And the reason for that, or the inference based on that,
is that the occipital parietal cortex or the upper region of the brain we're talking about,
is associated with where. It's associated with object location, hence it's called the where pathway.
Even more interestingly, there's essentially the complete opposite of that condition,
where the patient is capable of grasping and using objects, but they're not capable of naming it.
So basically, in optic ataxia, you can see a pencil or a fork or something and say,
yes, that's what it is, but can't use it properly.
In the other condition, the patient is able to grasp the pen or the fork and use it properly,
but if you ask them what it is, they wouldn't be able to say so.
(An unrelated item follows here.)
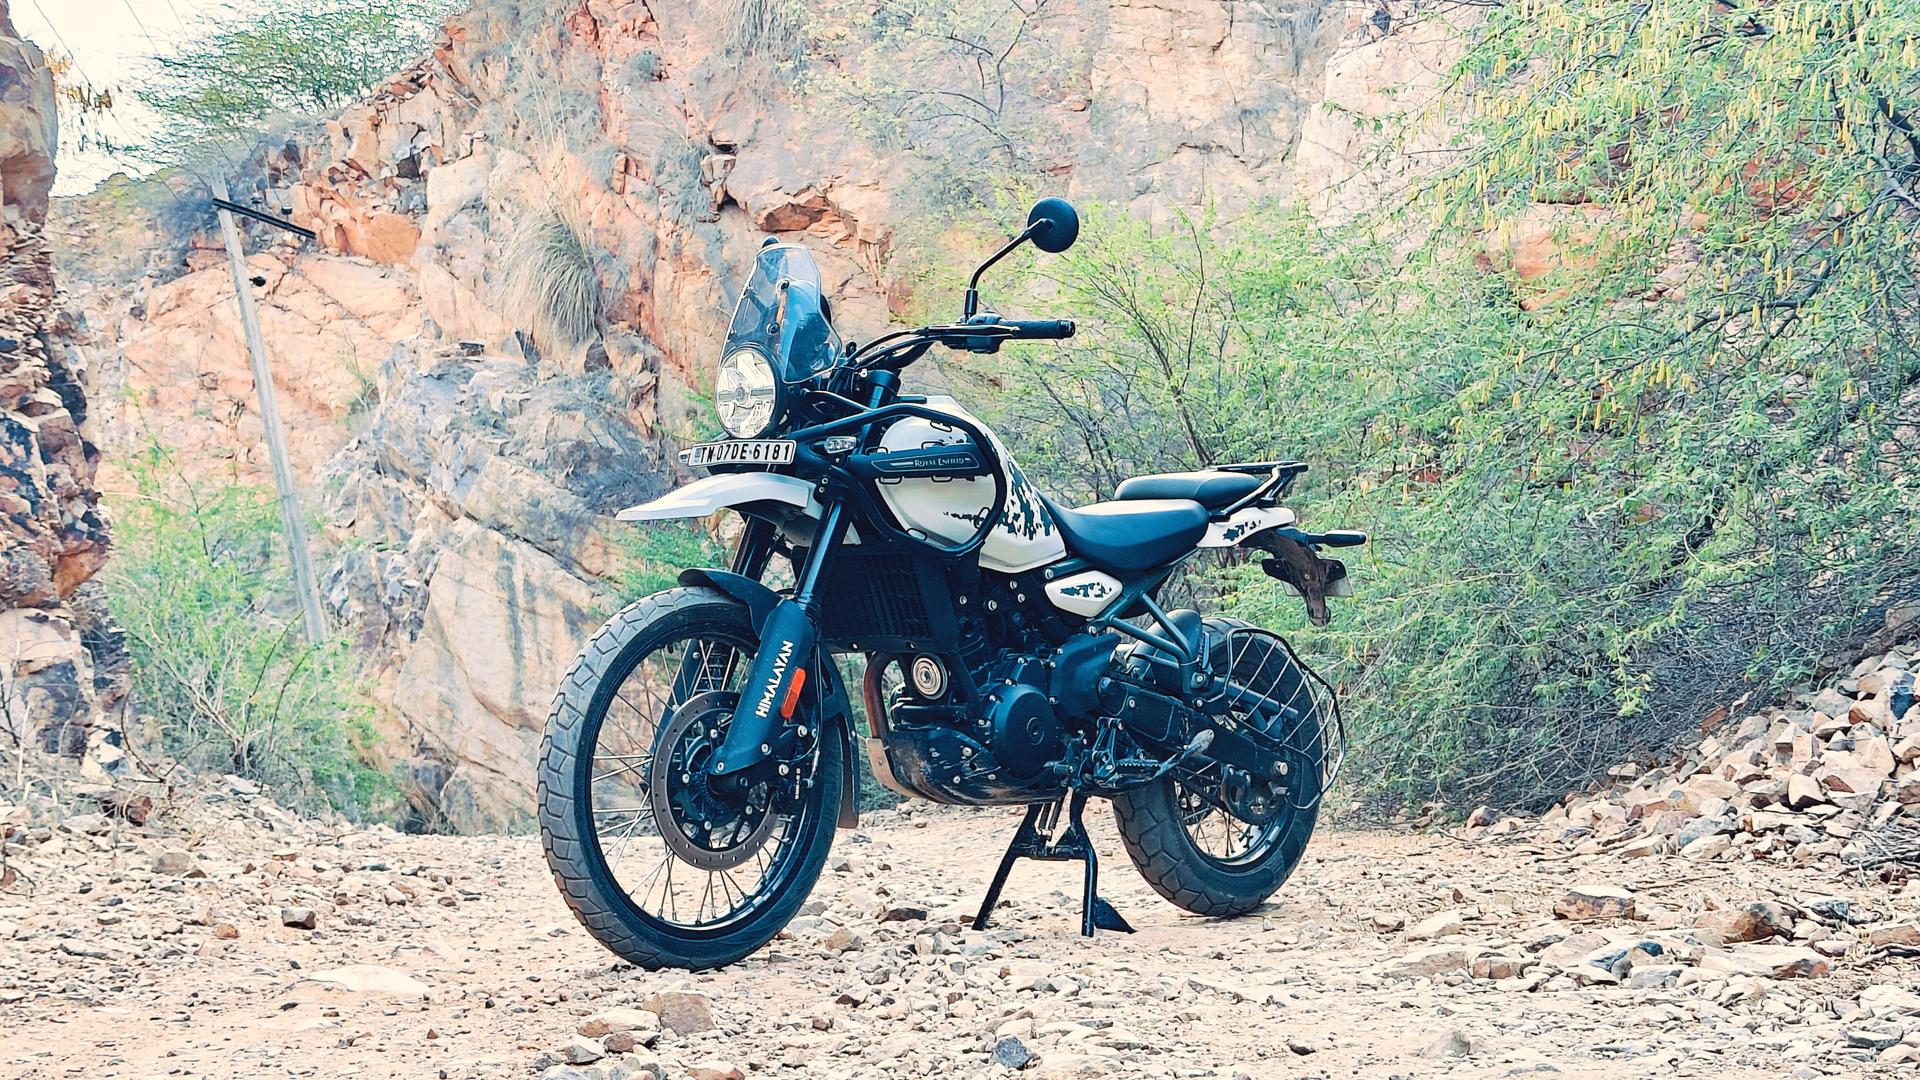 The new Royal Enfield Himalayan may be an impressive mid-size adventure bike, but the China-made CFMoto Ibex 450 MT may pose a challenge in global markets.

It's rather fascinating how one is able to sort of conduct a motor task
without actually be able to verbalize what one is doing,
but that is possible because it's observed in these conditions.
So these, it's called double dissociation, that is you can have one without the other in both cases.
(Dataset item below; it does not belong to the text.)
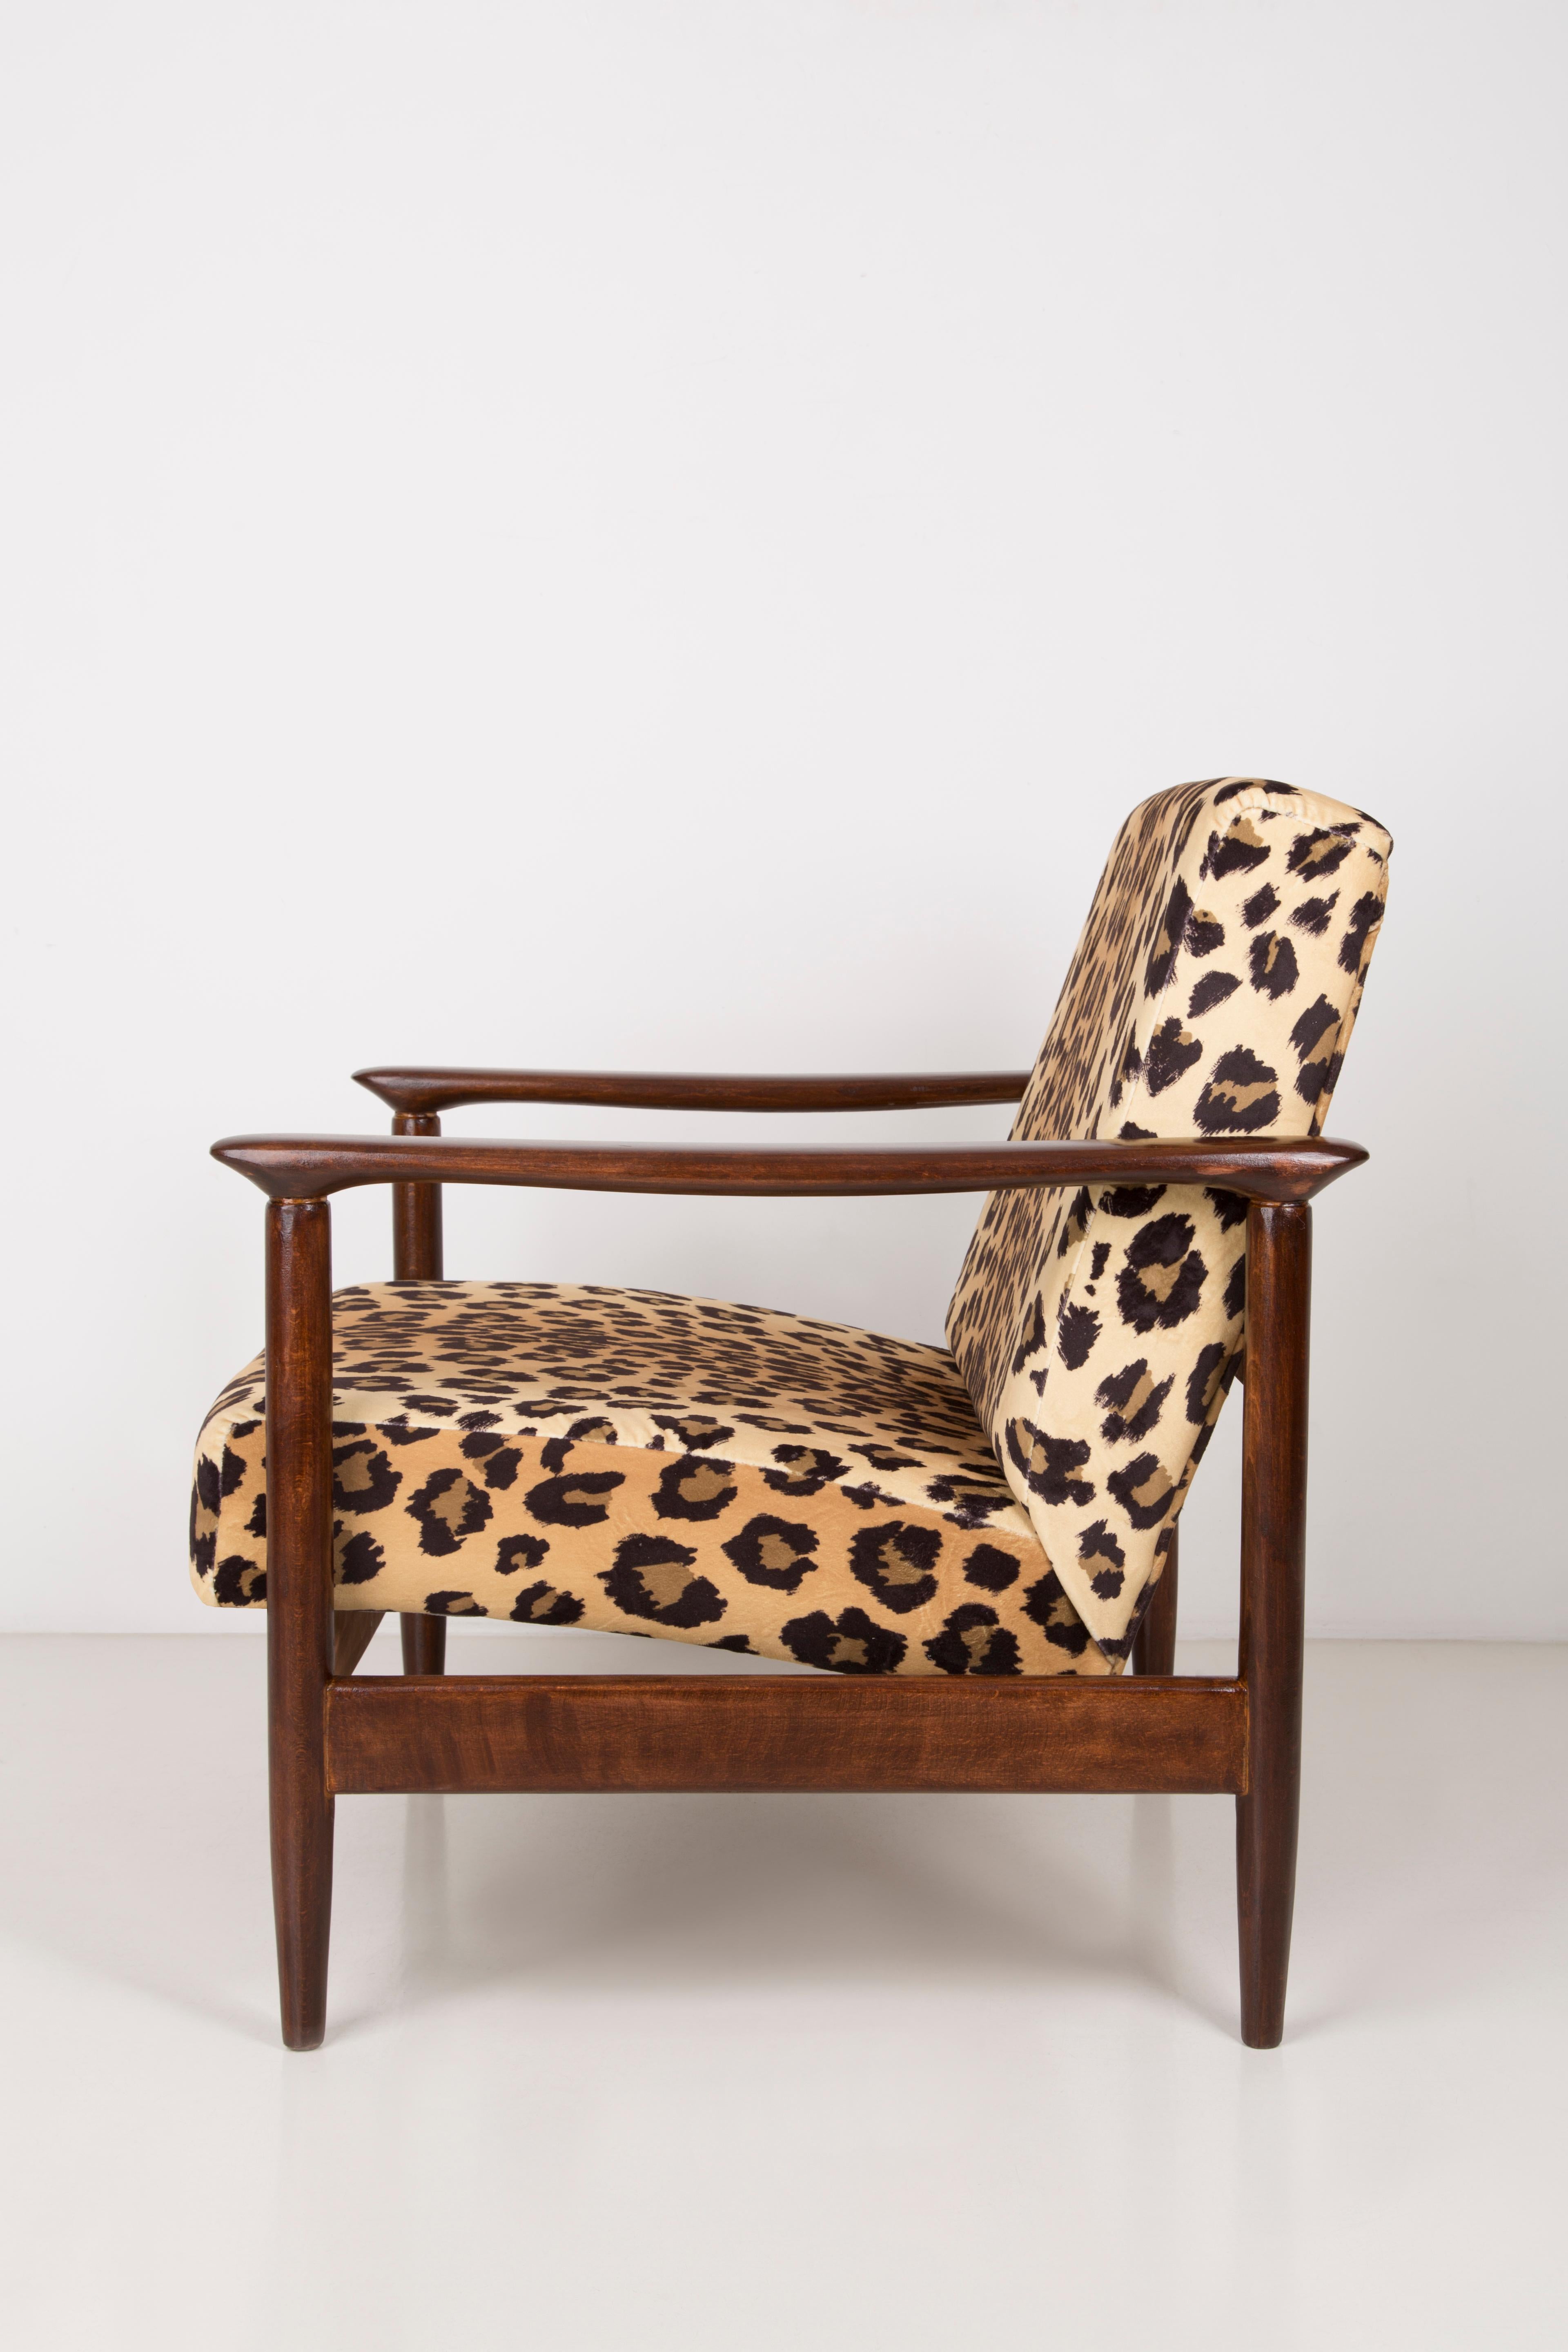 Hand-Crafted Pair of Leopard Print Velvet Armchairs, Edmund Homa, GFM-142, 1960s, Poland For Sale

The double dissociation of these two conditions allows us to infer
that there are two separate regions of the brain,
or streams of processing, one for object location and sort of motor function,
and the other one focusing on object recognition.
So the what and the where pathways.
And, you know, there are other piece of evidence, too,
like functional neuroimaging showing that different regions of the brain
are active during different types of tasks.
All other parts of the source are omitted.